Реклю не додумался до этого. Он остался историческим идеалистом, и его соображения о законосообразности общественного развития и о неумолимой логике общественных отношений только нарушали стройность его идеалистических взглядов. Вот, например, он говорит, что реформация была совершена известным классом, равно как и великая французская революция {Стр. 45.}. Это — неточное выражение. Все великие общественные движения являются делом большинства. Но то верно, что до сих пор результатами каждого такого движения пользовалось, главным образом, меньшинство, т. е. известный класс. Это собственно и хочет сказать Реклю. И тут он прав, тут он как будто даже становится на точку зрения борьбы классов. А точка зрения борьбы классов заключает в себе некоторые весьма существенные данные для материалистического объяснения истории. Уже возражения, которые Бакунин делал Мадзини и которые приведены мною выше, отчасти показывают, что идеализм неспособен удовлетворительно объяснить возникновение общественных классов и их взаимные отношения. Но хотя сожительство идеализма с теорией борьбы классов и не может быть признано вполне законным в логическом отношении, однако, оно представляет собою не очень редкий случай в истории общественных теорий новейшею времени. Сэн-Симон и французские историки времени реставрации стояли на точке зрения классовой борьбы, не переставая быть идеалистами. Тоже надо сказать и о Реклю. Он — идеалист даже там, где говорит о борьбе классов. Его идеализм обнаруживается там даже с особенной ясностью. Почему реформация была ‘сделана’ известным классом? Почему была сделана известным классом великая французская революция? Потому, — отвечает Реклю, — что до сих пор ни одна революция не была достаточно сознательна {Стр. 44.}. Идти в идеализме дальше не возможно {Прибавлю еще, что, как и все идеалисты, Реклю не дает себе ясного отчета в конкретном содержании тех идей, которые ‘делали общество’ в ту или другую историческую эпоху. Он говорит, что теперь ‘даже рабочие, примыкающие к христианским союзам, уже не довольствуются одной надеждой на бога и на его святых, что и им нужны известные материальные гарантии’ (стр. 220). Но когда же люди довольствовались одной верой в бога? Религия всегда имела очень определенное земное содержание.}.
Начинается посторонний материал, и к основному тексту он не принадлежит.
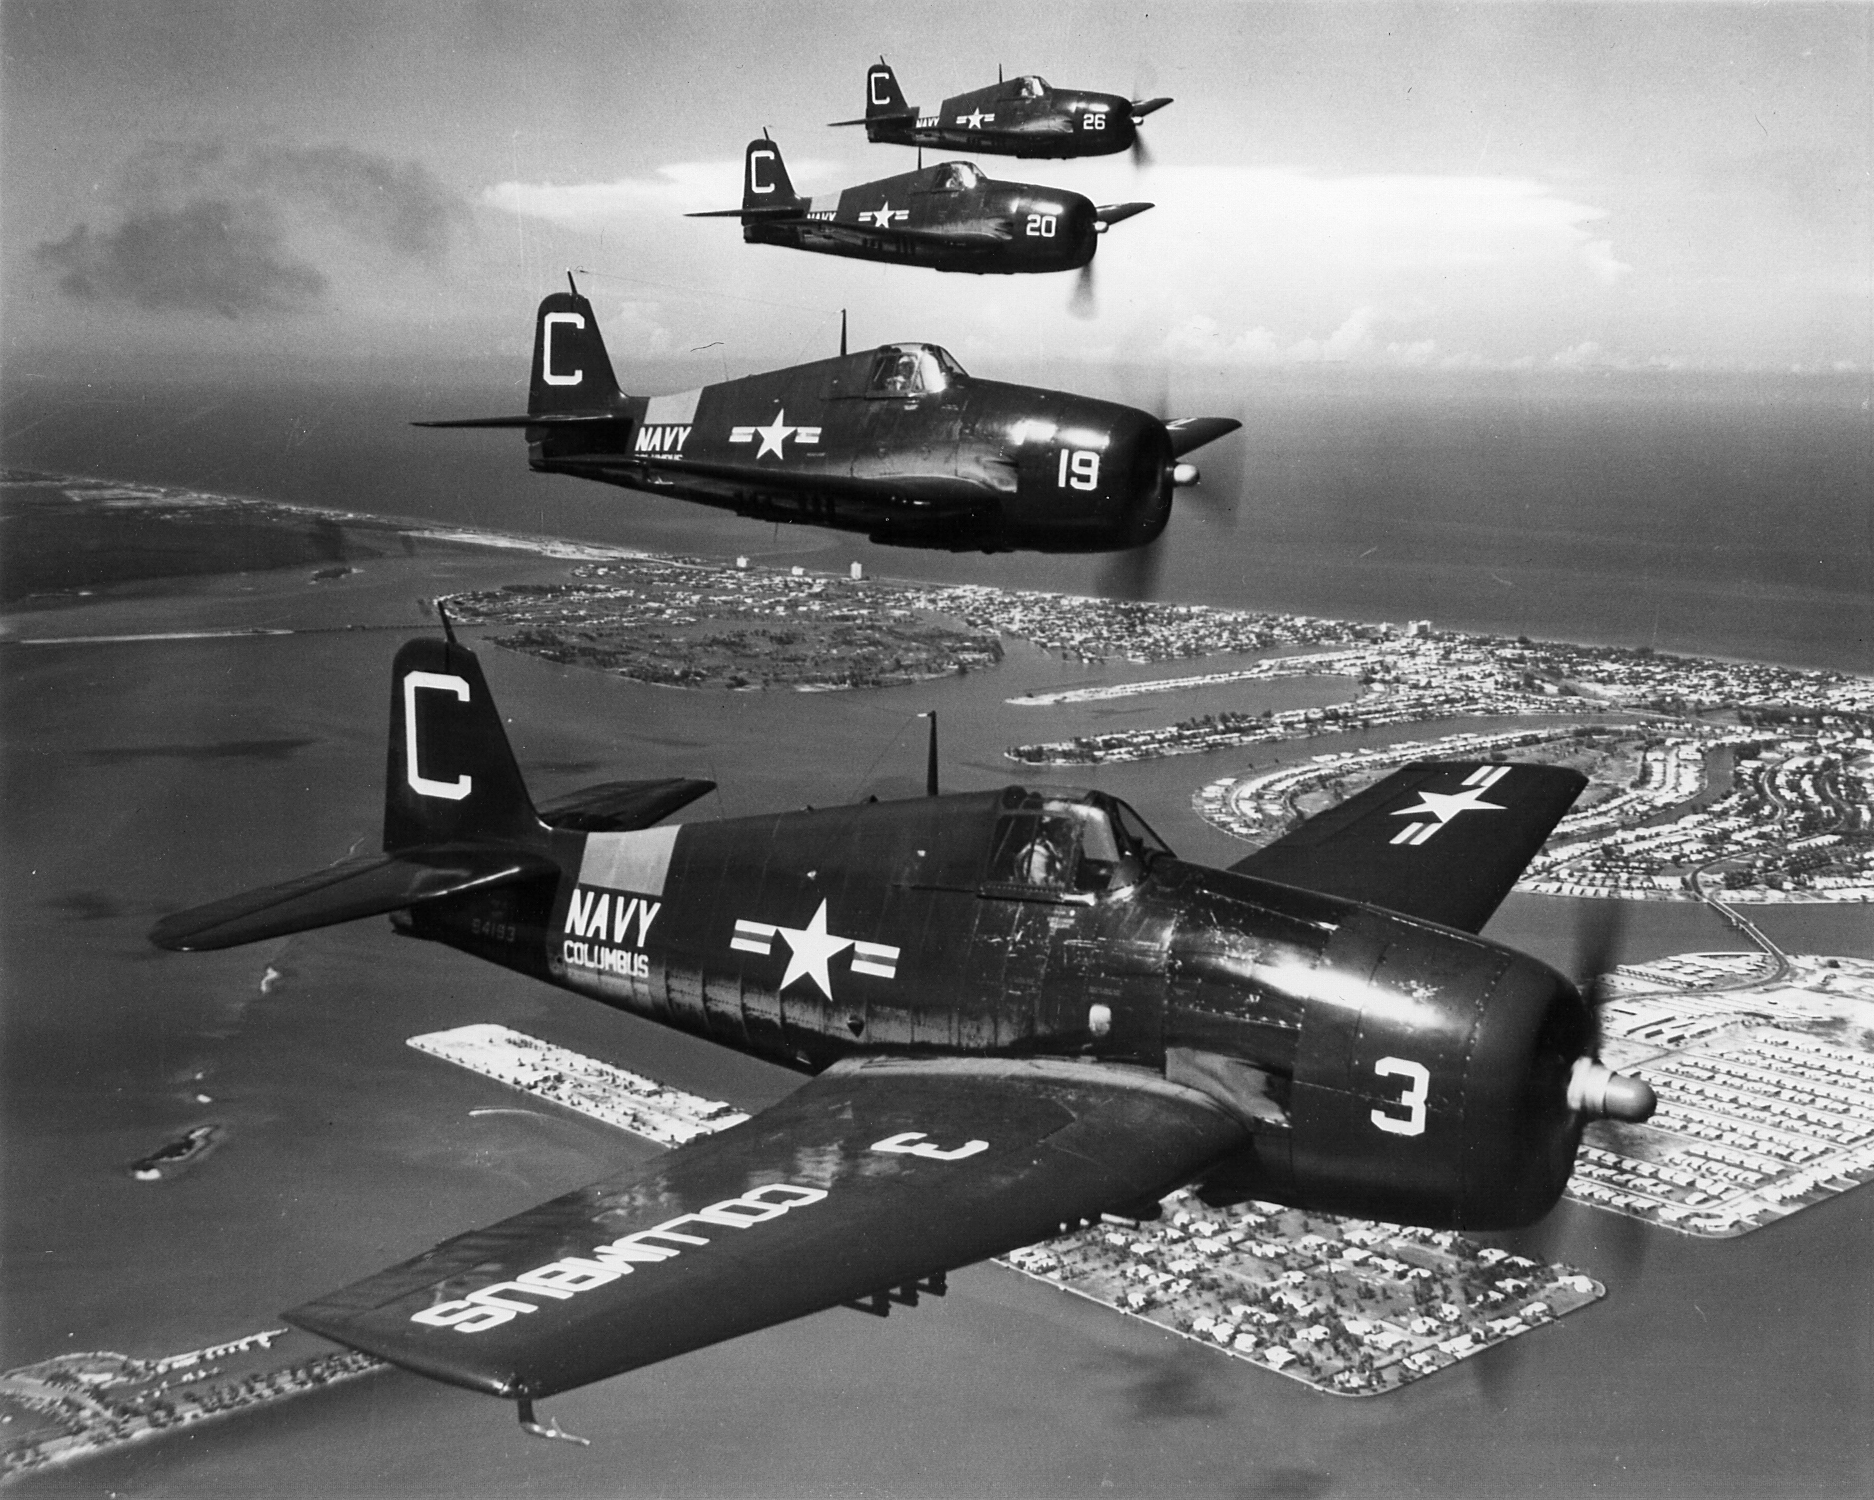 Grumman F6F 5P Hellcat NARTU White C3 BuNo 72386 C19 C20 and C26 over Miami NARTU Columbus OH 1950 01
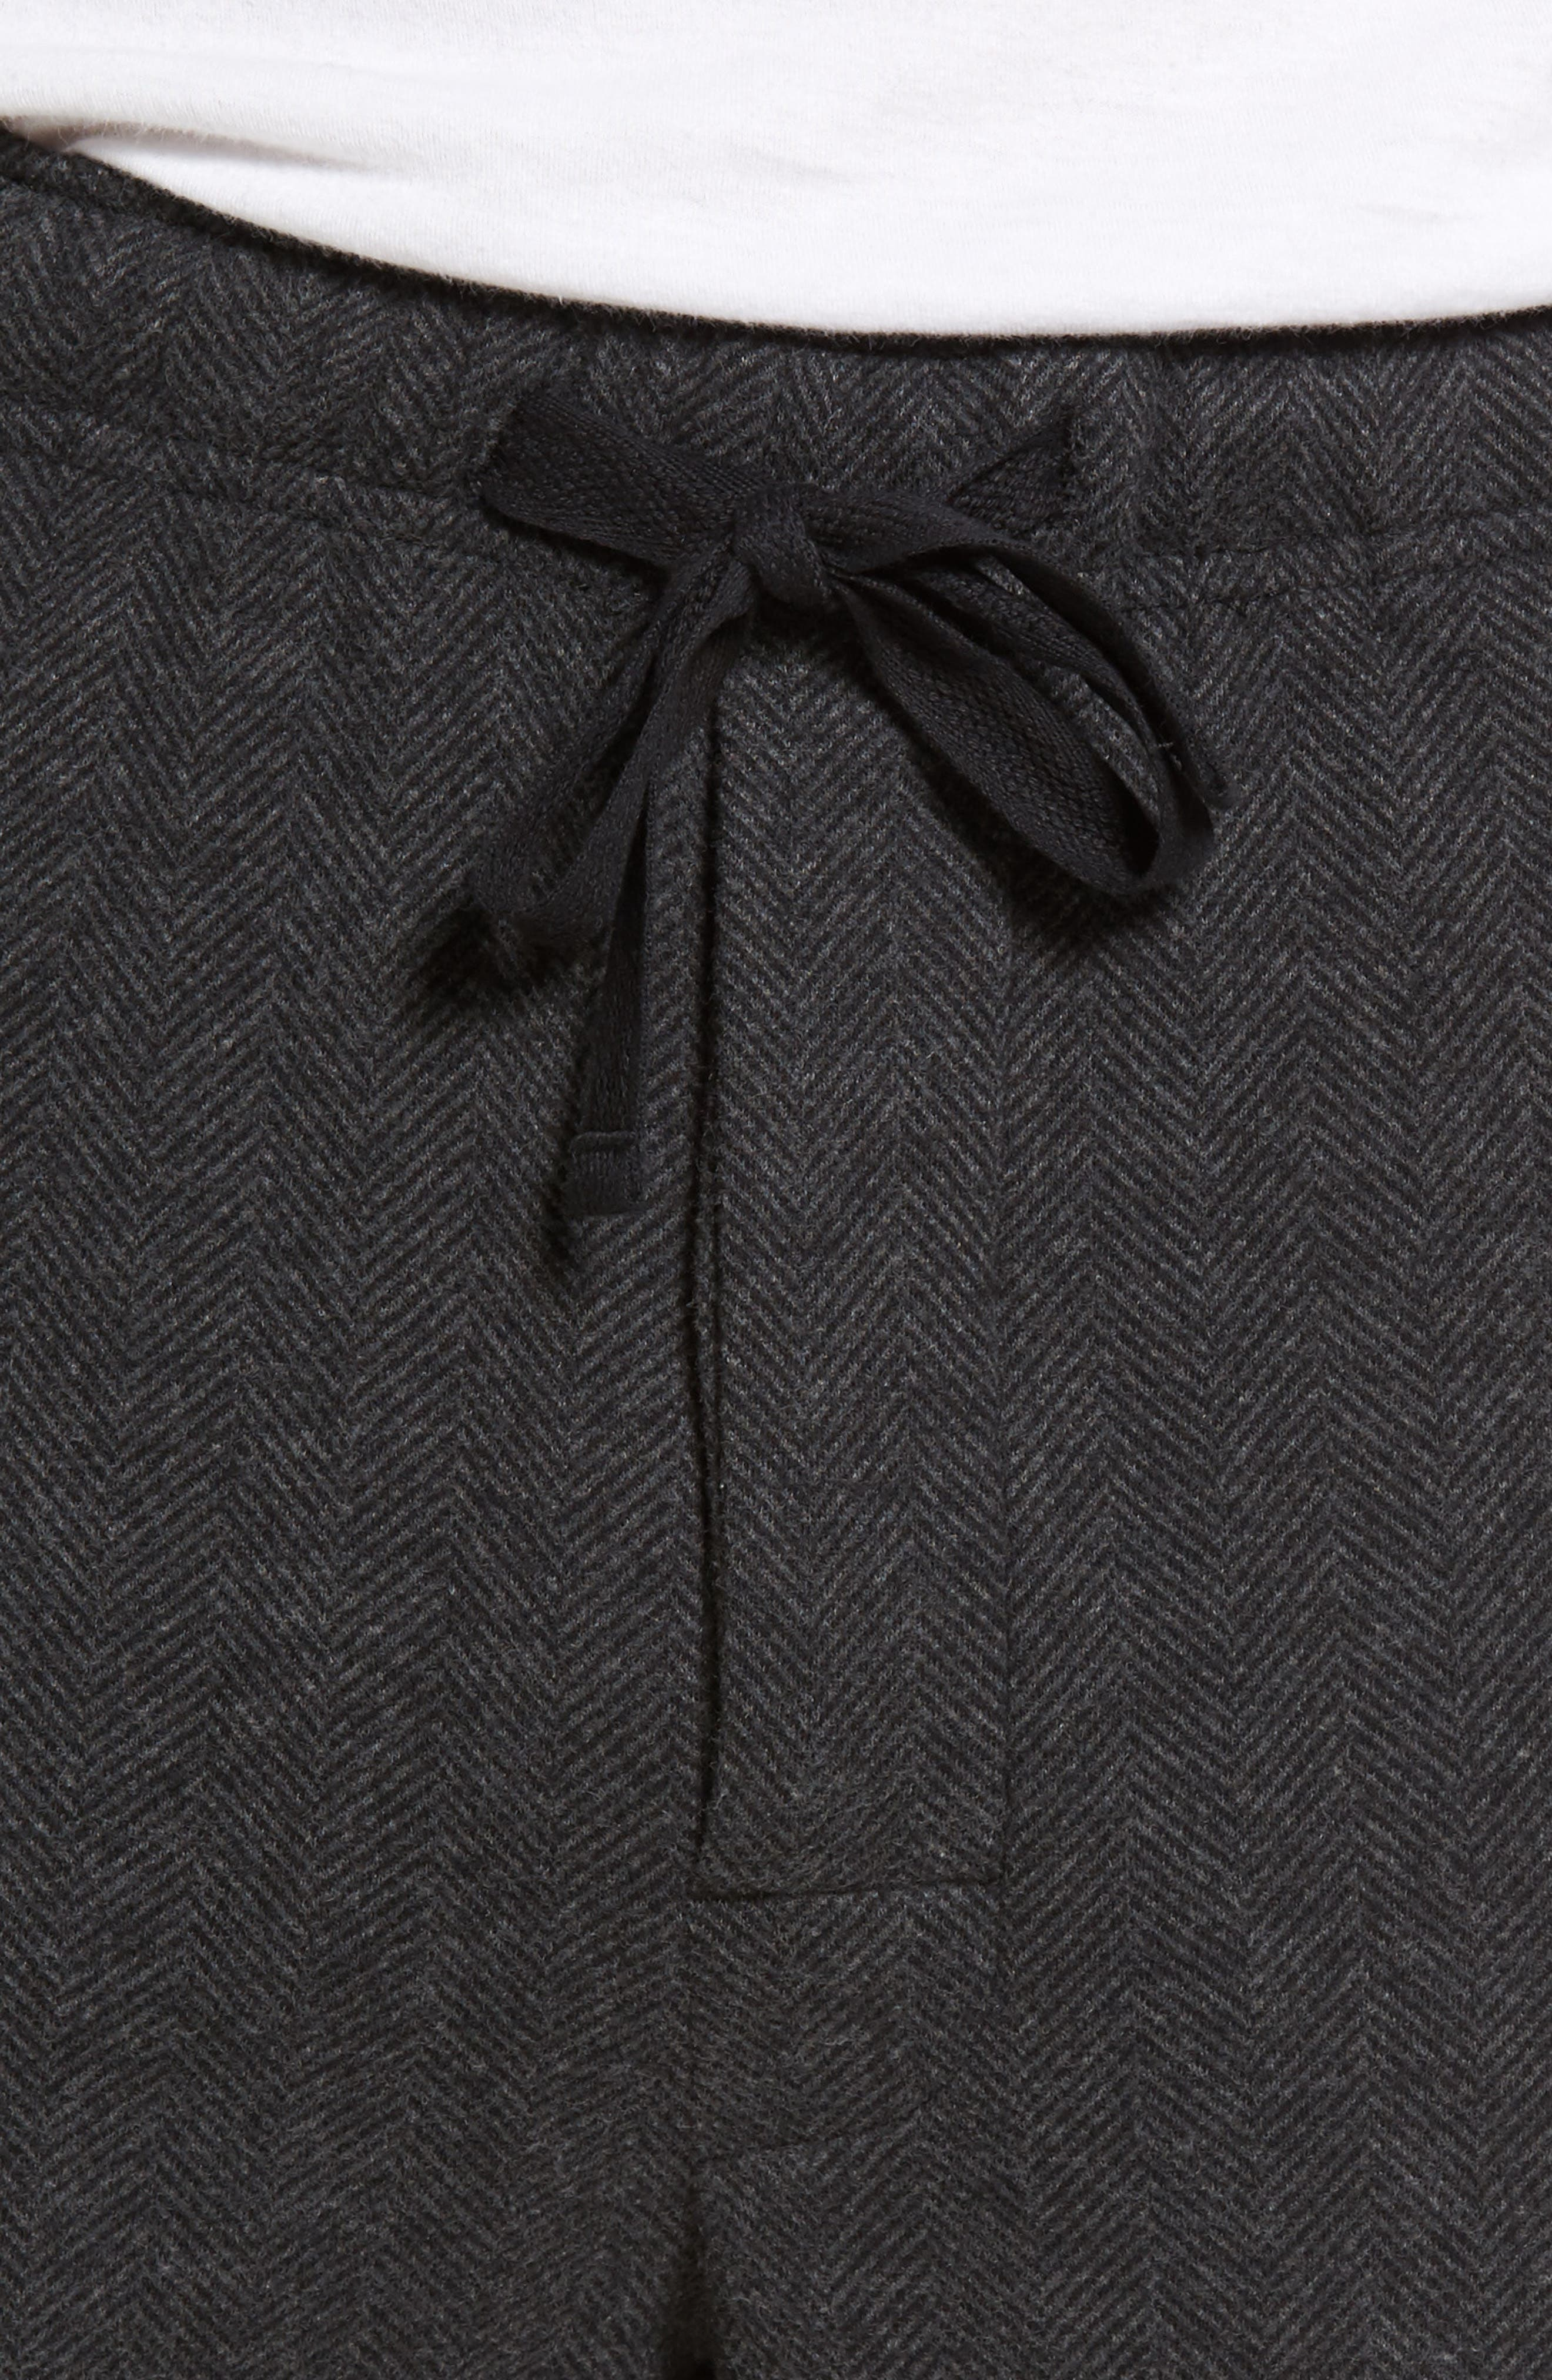 Grayson Lounge Pants,                             Alternate thumbnail 4, color,                             Charcoal

Я прошу читателя заметить, что материалисты вовсе не отрицают исторического значения идей. Последовательный материалист не откажется, пожалуй, повторить, что идеи делают общество. Но он повторил это с существенными оговорками. Он прибавит, что идеи, делающие общество, сами делаются им, и что они делают его сообразно тому, что требуется ‘неумолимой логикой’ объективного развития общественных отношений. Сознание определяется бытием и, в свою очередь способствует дальнейшему развитию бытия. Это, как видите, то же да не то. Это дает нам, с одной стороны, возможность понять законосообразность общественного развития, а с другой — основать на этом развитии нашу собственную новаторскую деятельность. Ставя перед собой, как конечную цель этой деятельности, обобществление средств производства, мы предвидим, что общественное ‘сознание’ склонится в сторону такой социализации, потому что к ней направляется общественное ‘бытие’ логикой своего собственного развития. Современные передовые представители рабочего класса потому называют свой социализм научным, что научное понимание общественного ‘бытия’ дает им возможность определить будущее направление общественного ‘сознания’, другими словами, — потому, что оно позволяет им сделать сознательную и потому как будто бы свободную деятельность людей, — точнее: данных общественных классов, — предметом научного предвидения. Современный социализм научен только в той мере, в какой он делает предвидение возможным.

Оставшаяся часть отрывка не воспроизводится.